Há variedades do café que possam ser mais resistentes ao déficit hídrico?
Especificamente para o arábica, alguns estudos já estão sendo feitos avaliando variedades e linhagens que são mais resistentes e conseguem conviver com déficit hídrico. Mas, são estudos preliminares. Alguns, logicamente, já tem sintomas positivos. Temos que pensar que as mudanças climáticas se manifestam, mas, um pensamento meu é que que a curto, essas mudanças climáticas não venham a reverter. São coisas cíclicas, logicamente que a influência humana pode acelerar o processo, mas, no histórico climático do planeta vemos que essas alterações ocorrem ciclicamente. Então, temos que observar todas as possibilidades.
Por fim, quais são as projeções para o mercado?

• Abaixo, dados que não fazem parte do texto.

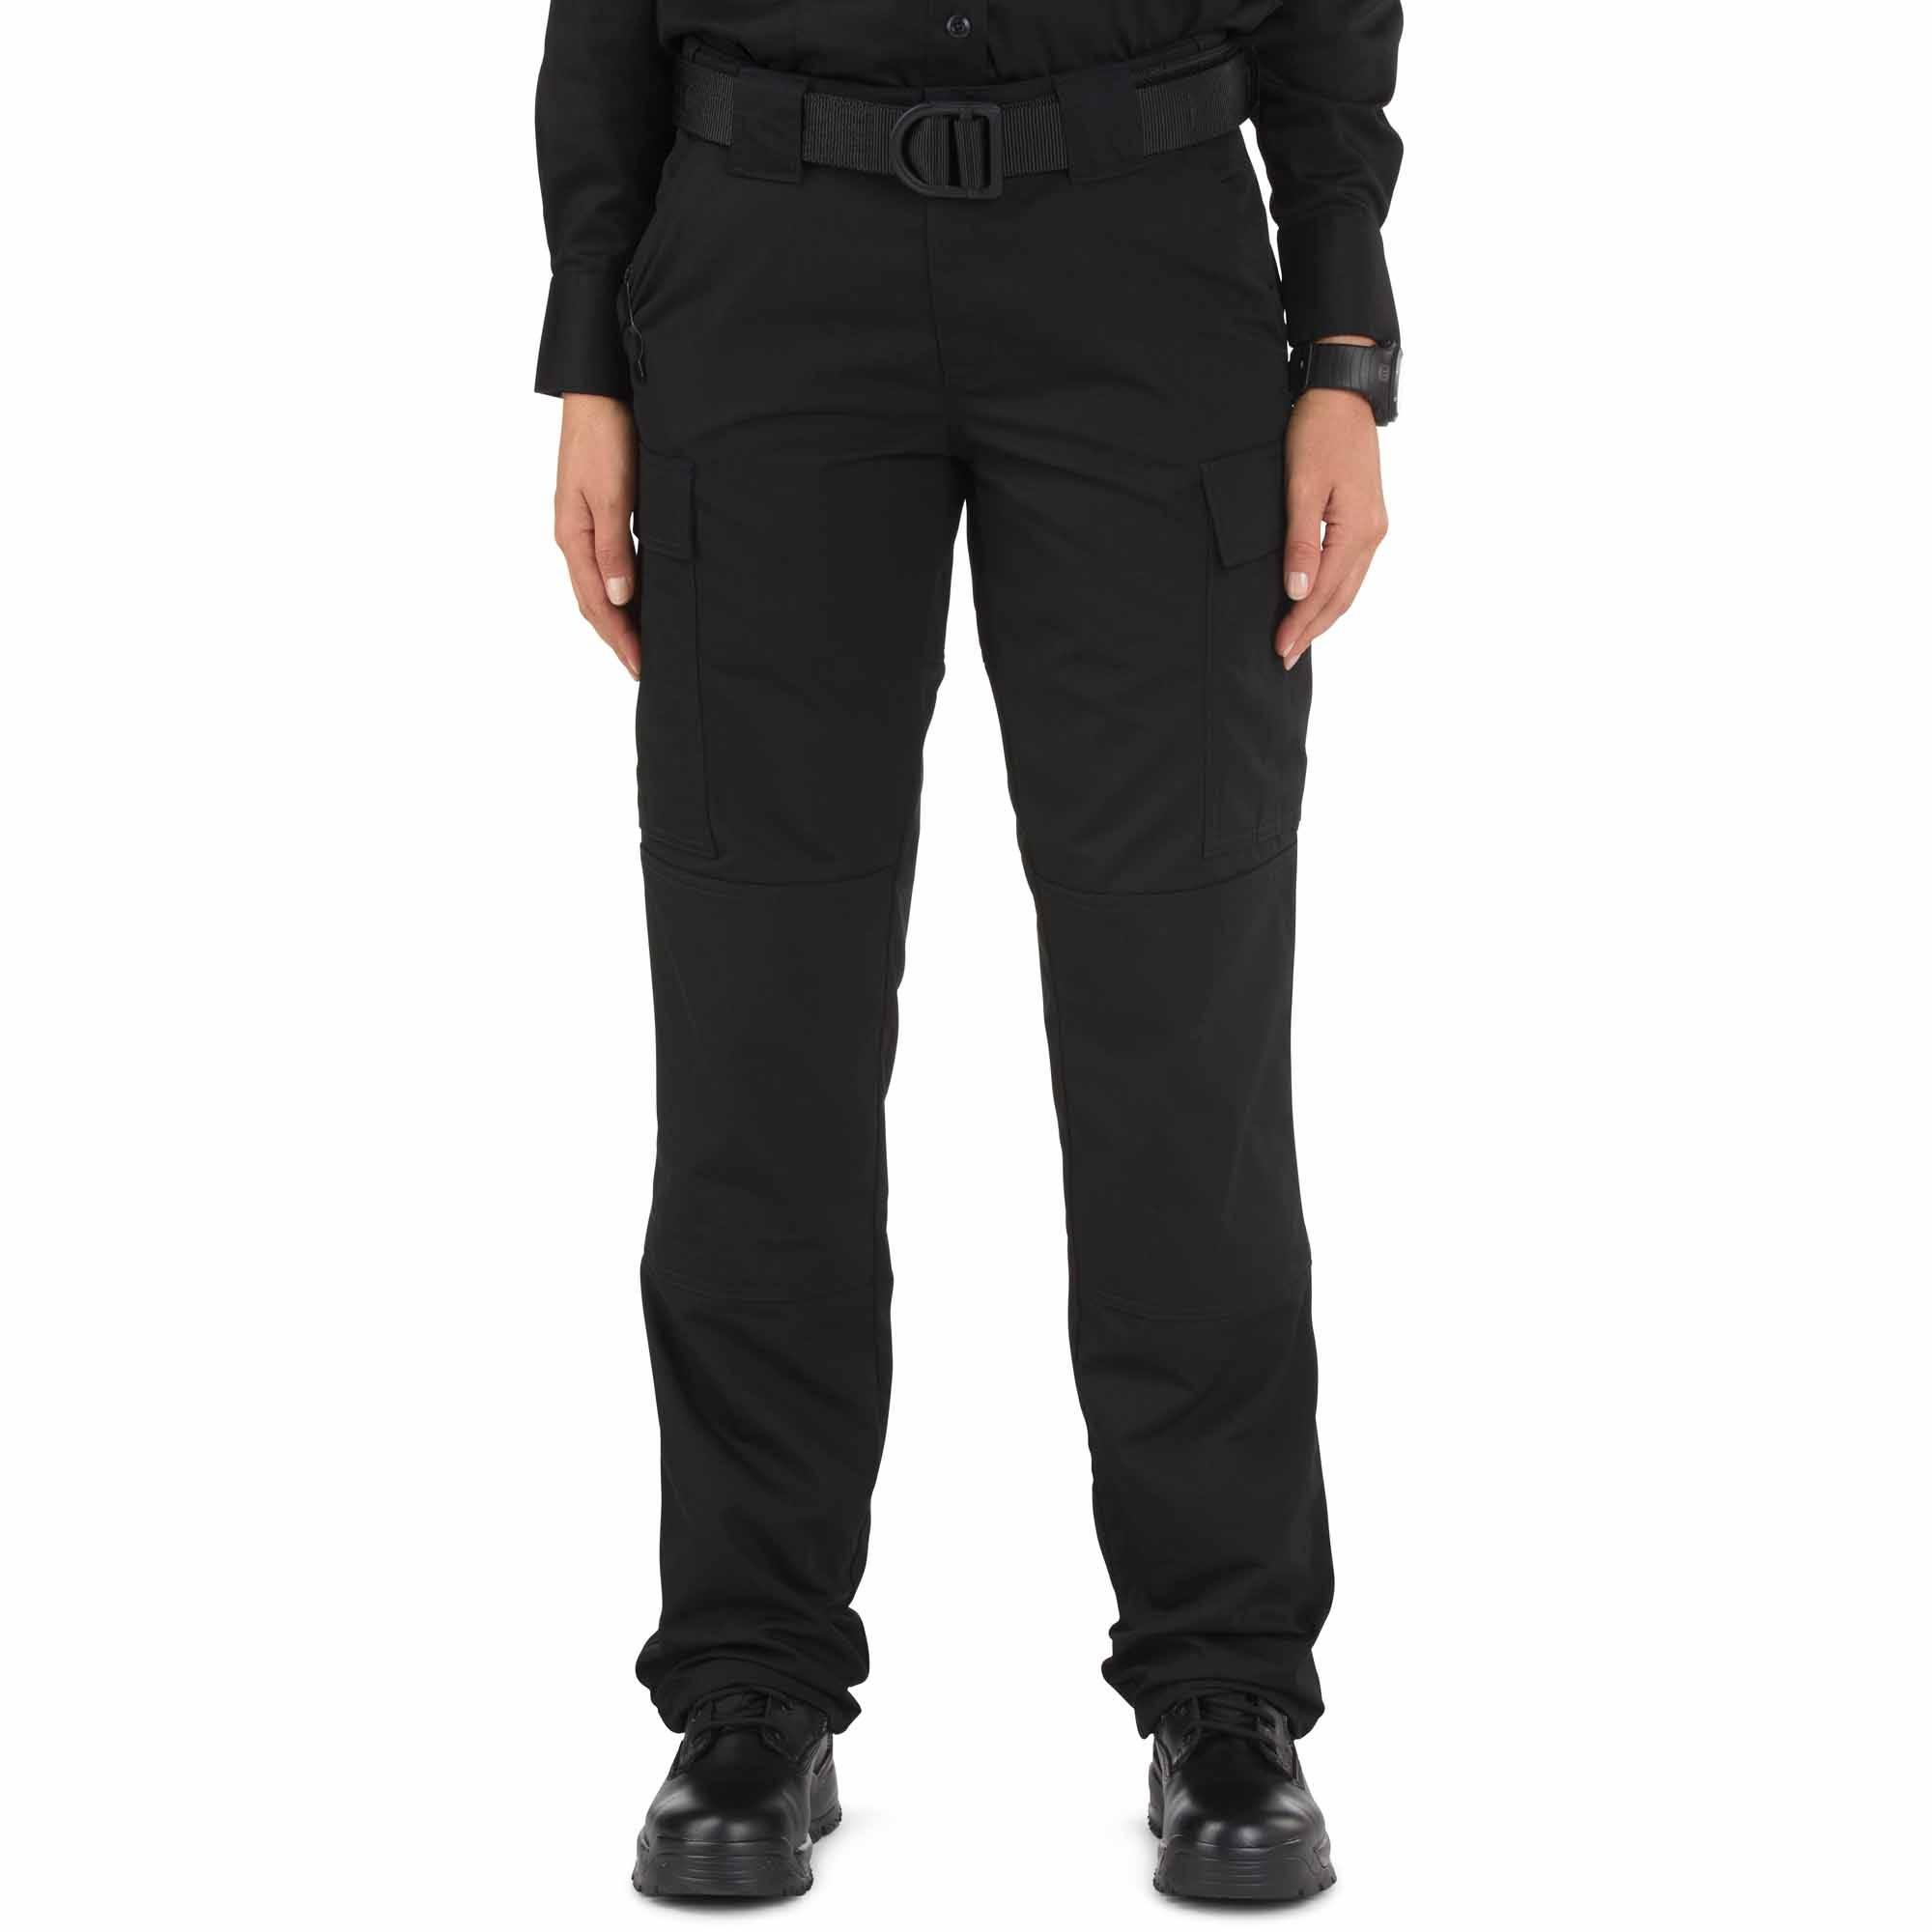 7e6b0d462 5.11 Stryke Women's EMS Pant. $59.99. Women's TACLITE EMS Pant. $49.99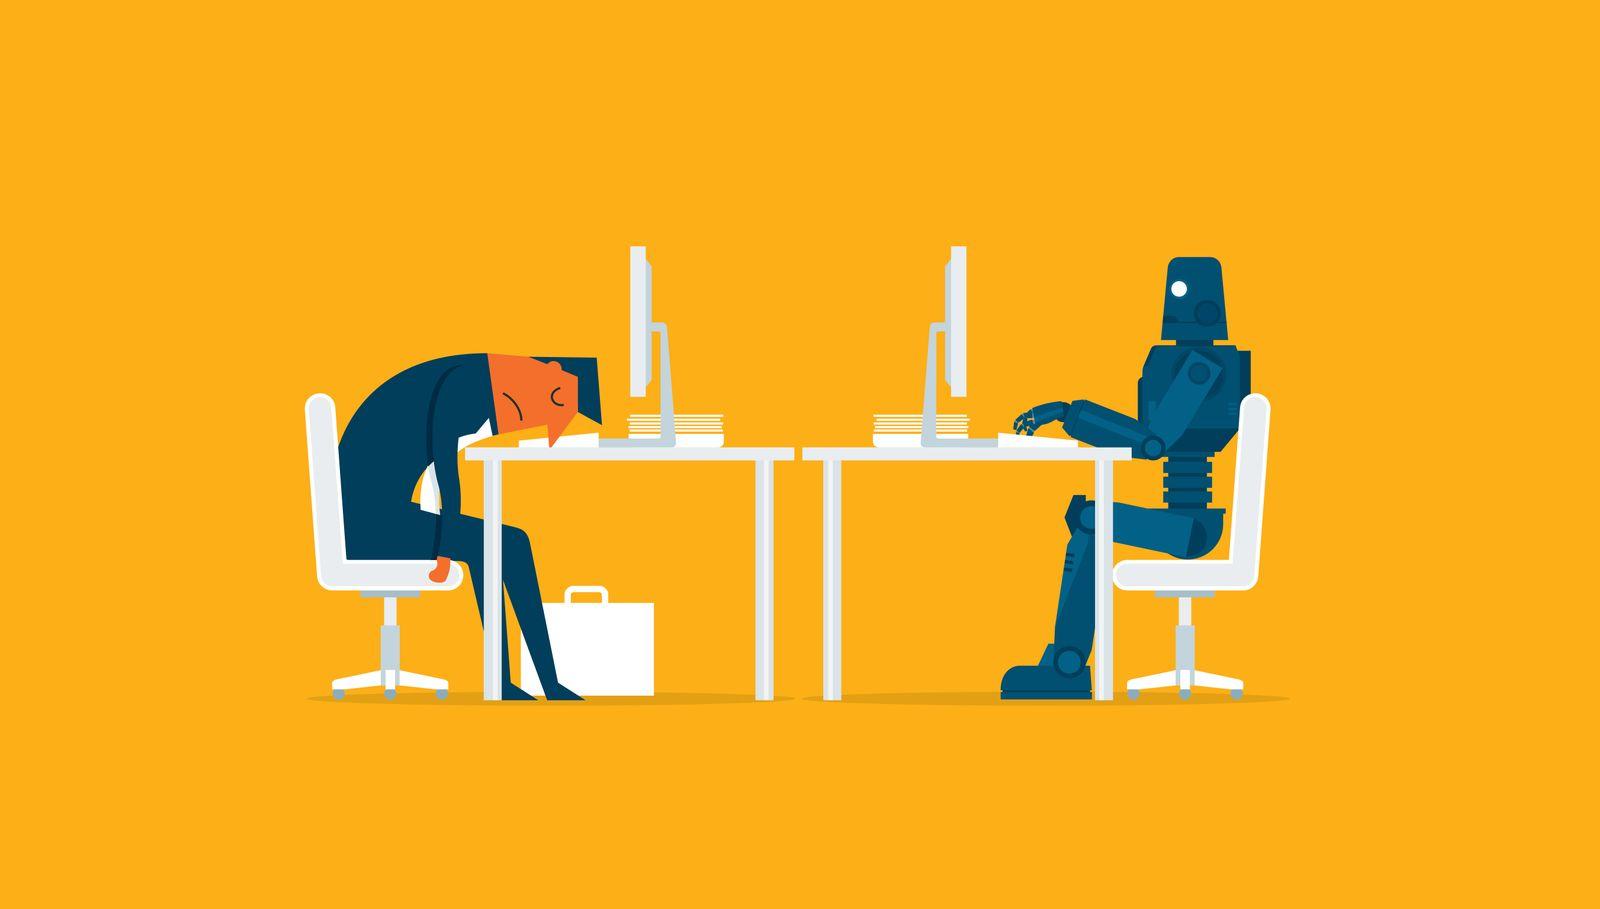 Robot vs man. Human humanoid robot work with laptops at desk

Em relação a mercado, podemos dizer que se a qualidade tende a não ser a mesma que tivemos em 2023, então, aqueles produtores que conseguirem produzir café de qualidade, logicamente, vão ter o mercado garantido. Aqueles que não, depende muito. Como café é cotado por Bolsa Internacional, depende dos comportamentos de outros países, Bolívia, tem que ver o que vai acontecer; a própria pressão da Bolsa. Seria muito prematuro eu falar que o café vai subir ou cair de preço, pois, não depende só da nossa produção. O café é uma comoddity mundial, então, o comportamento e o que acontece nos outros países influencia no preço de uma forma mundial. Mas, podemos pensar que, se o estoque não é tão alto e que a tendência é que a produção caia em função da queda da produtividade, a tendência é que o preço de mercado se aqueça. Não que eu garanta isso, mas, em termos de tendência. Em termos de café de qualidade é o mercado que já está relativamente estabelecido e esse ano, como vamos conseguir menos café de qualidade em função de toda essa logística. Acredito que se mantenha preços ou até um leve aumento. Em relação ao conilon, como teve uma queda na produção do Vietnã e Indonésia, talvez e mesmo com a quantidade pequena que vai se ter, em função do comprometimento do conilon já nessa época é possível que o preço do conilon tenha uma valorização mais assertiva. Mas, também é muito prematuro.